The staff is has been comprised of Adrian Walter and Epig Dominguez who are both working theatre professionals.  For the past 6 years, originally under the Alley Theatre’s programming with Project G.R.A.D. in 2002, and later in conjunction with Express Theatre (Houston’s largest children’s theatre) and Somos Todos Grupo del Teatro; both teaching artists have supplied quality education programs to River Oaks Elementary, Wharton Elementary, Marshall Middle School, Ryan Elementary, Stevenson Elementary and Amigos Por Vida.  As trained professionals, all aspects of theatrical production will be completed by the Teaching Artists and students.  These include stage management (running of lights/sound), scriptwriting, costumes, makeup and set design and construction.  Both Mr. Walter and Ms. Dominguez have graced Houston’s most respected performance venues such as The Alley Theatre, Stages Repertory Theatre, The Hobby Center for the Performing Arts, Talento Bilingue Houston, DiverseWorks as well as work for film and television and national performance tours across the United States.

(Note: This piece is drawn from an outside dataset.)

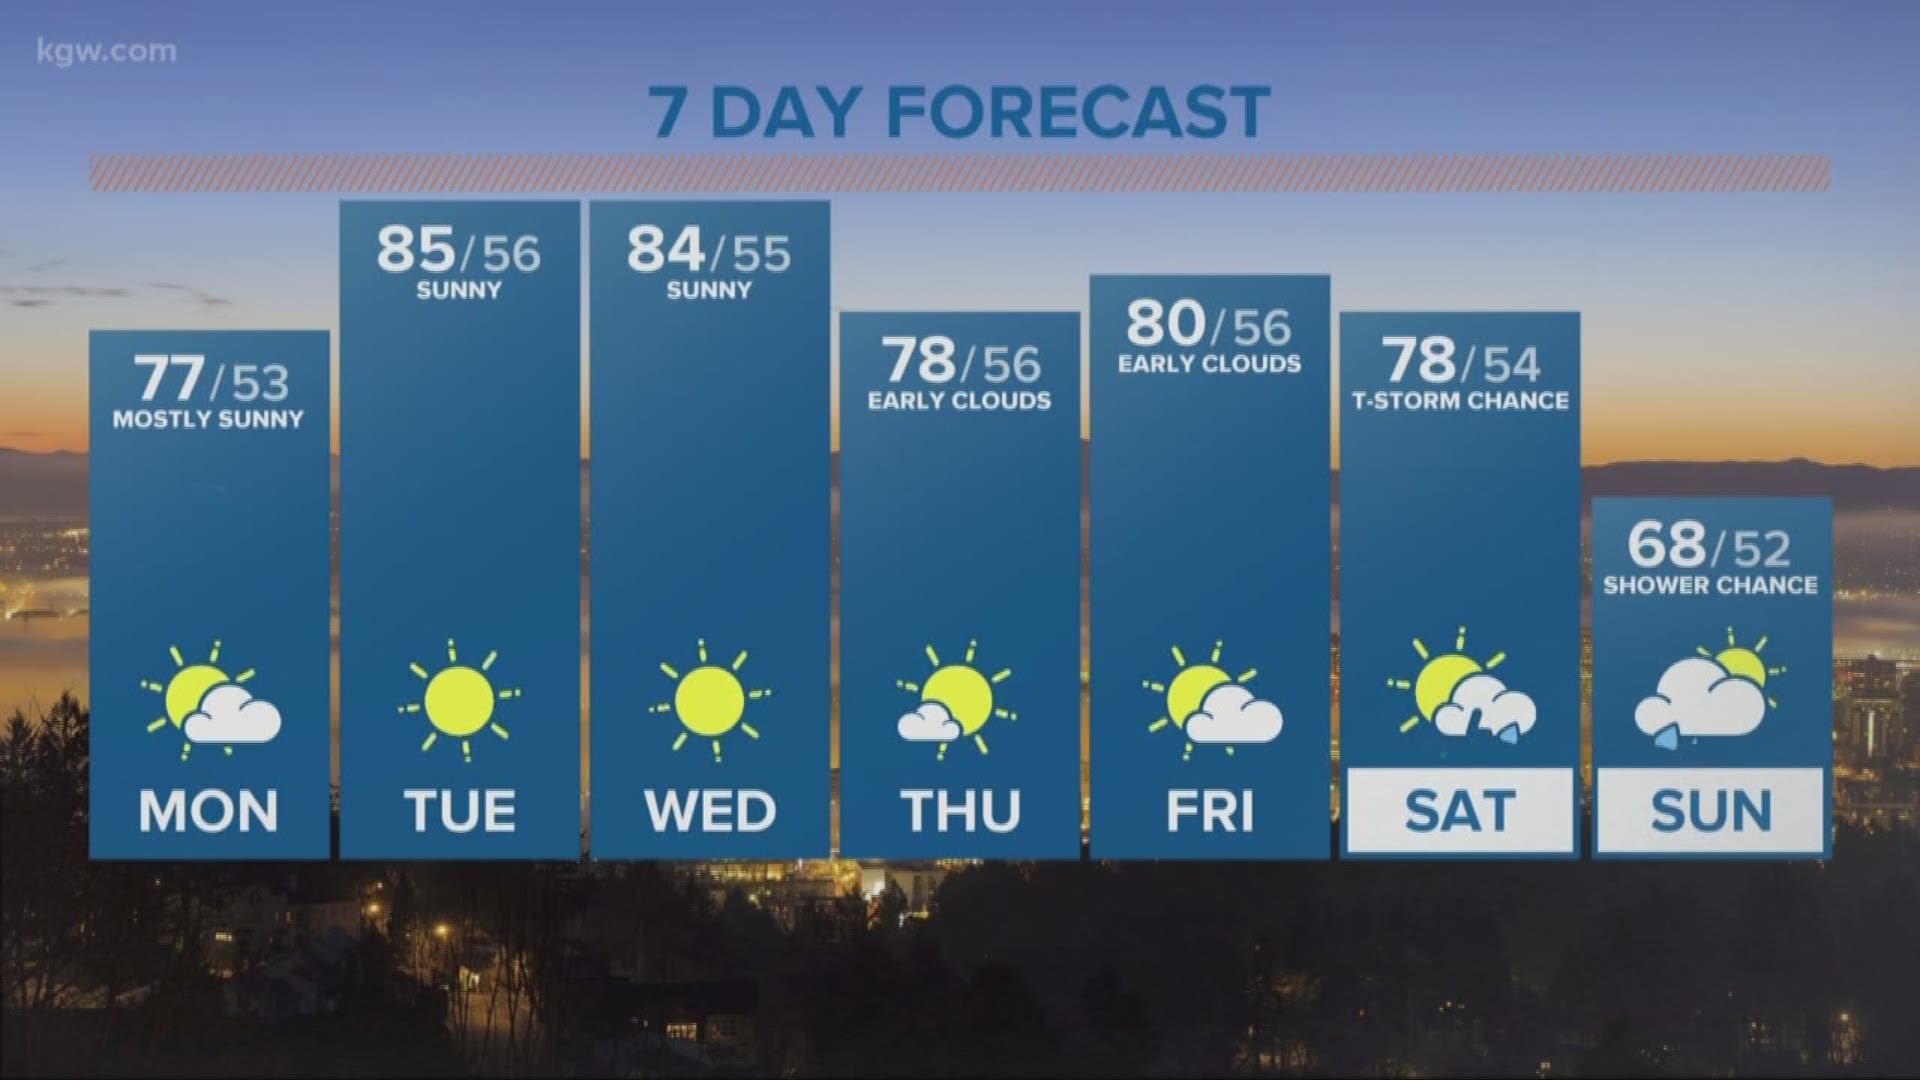 KGW Noon forecast 5-21-18
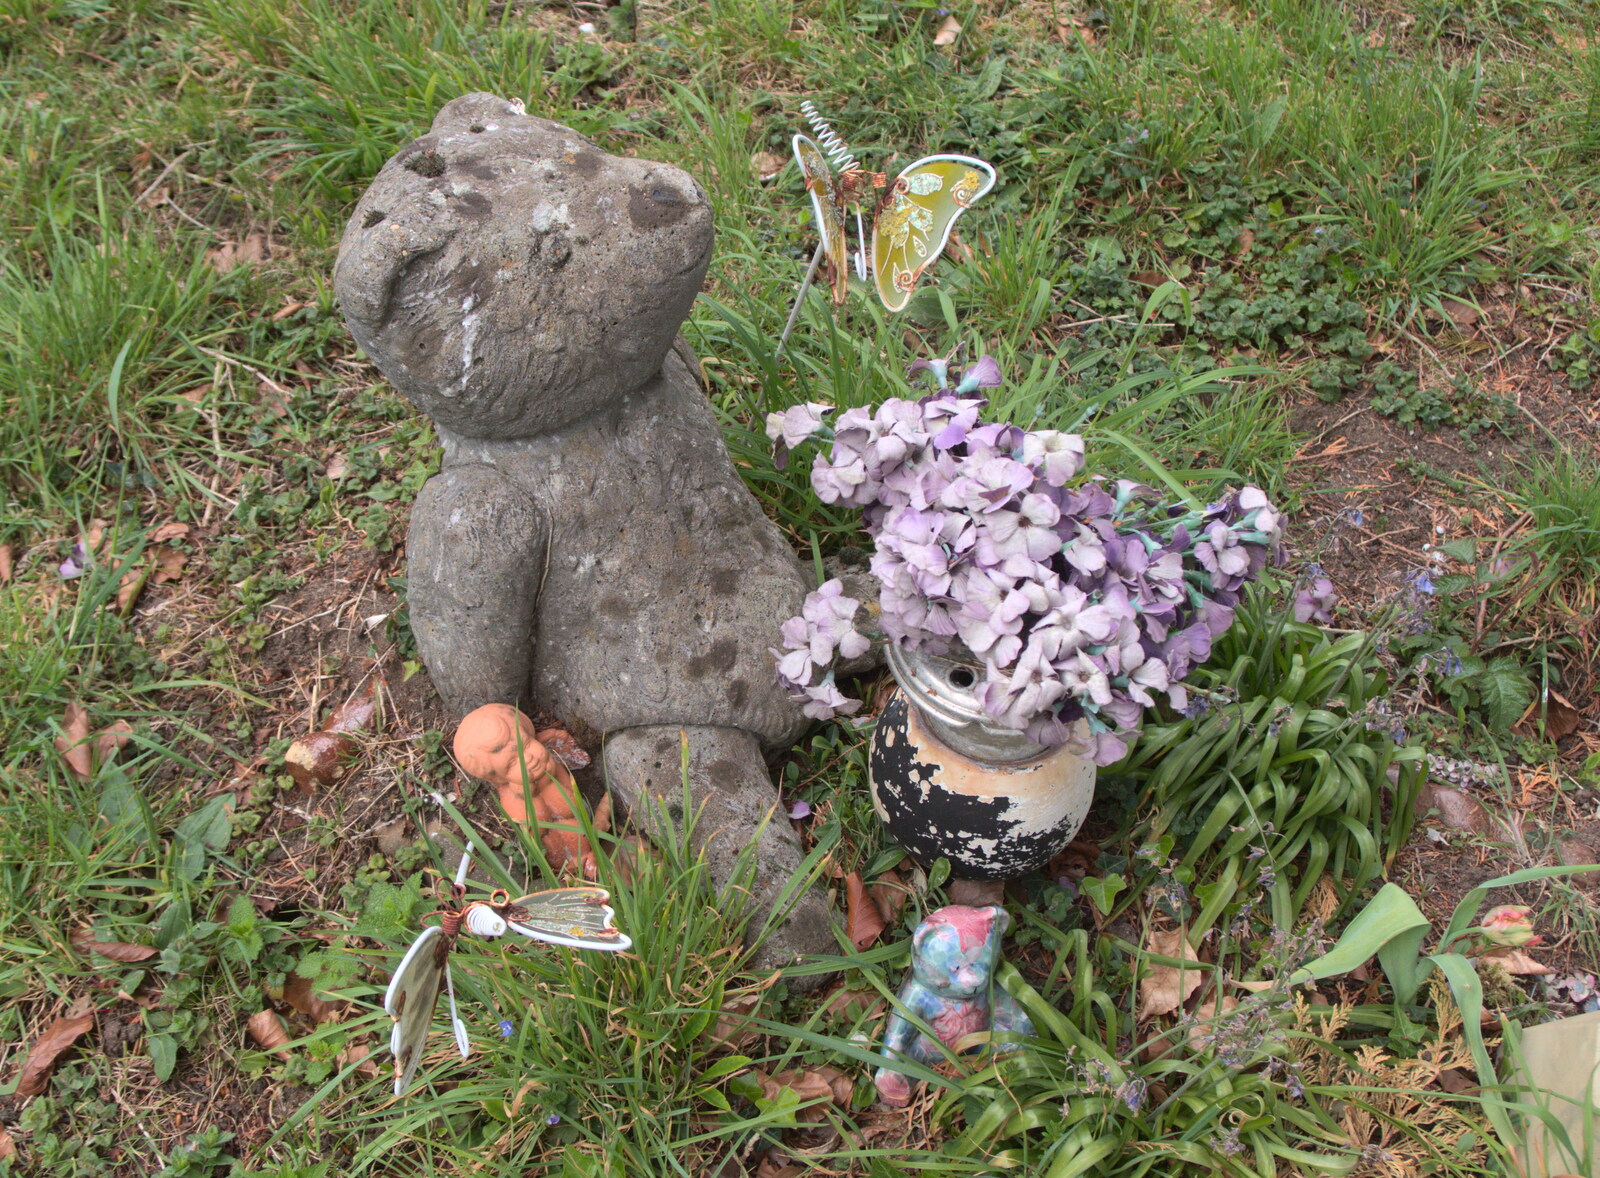 A poignant stone teddy bear and flowers from The Old Brickworks and a New Road, Hoxne and Eye, Suffolk - 26th May 2020

*All students observe the safety policies in place at each school.  This includes the capacity to accommodate both emergency situations (fire, serious injury) and safety maintenance (floors swept, kept clear of all liquids and debris) in the schools workspace.  Even in set construction, no hazardous materials are used, and students are supervised in all activities leading up to and including the culminating event (performance).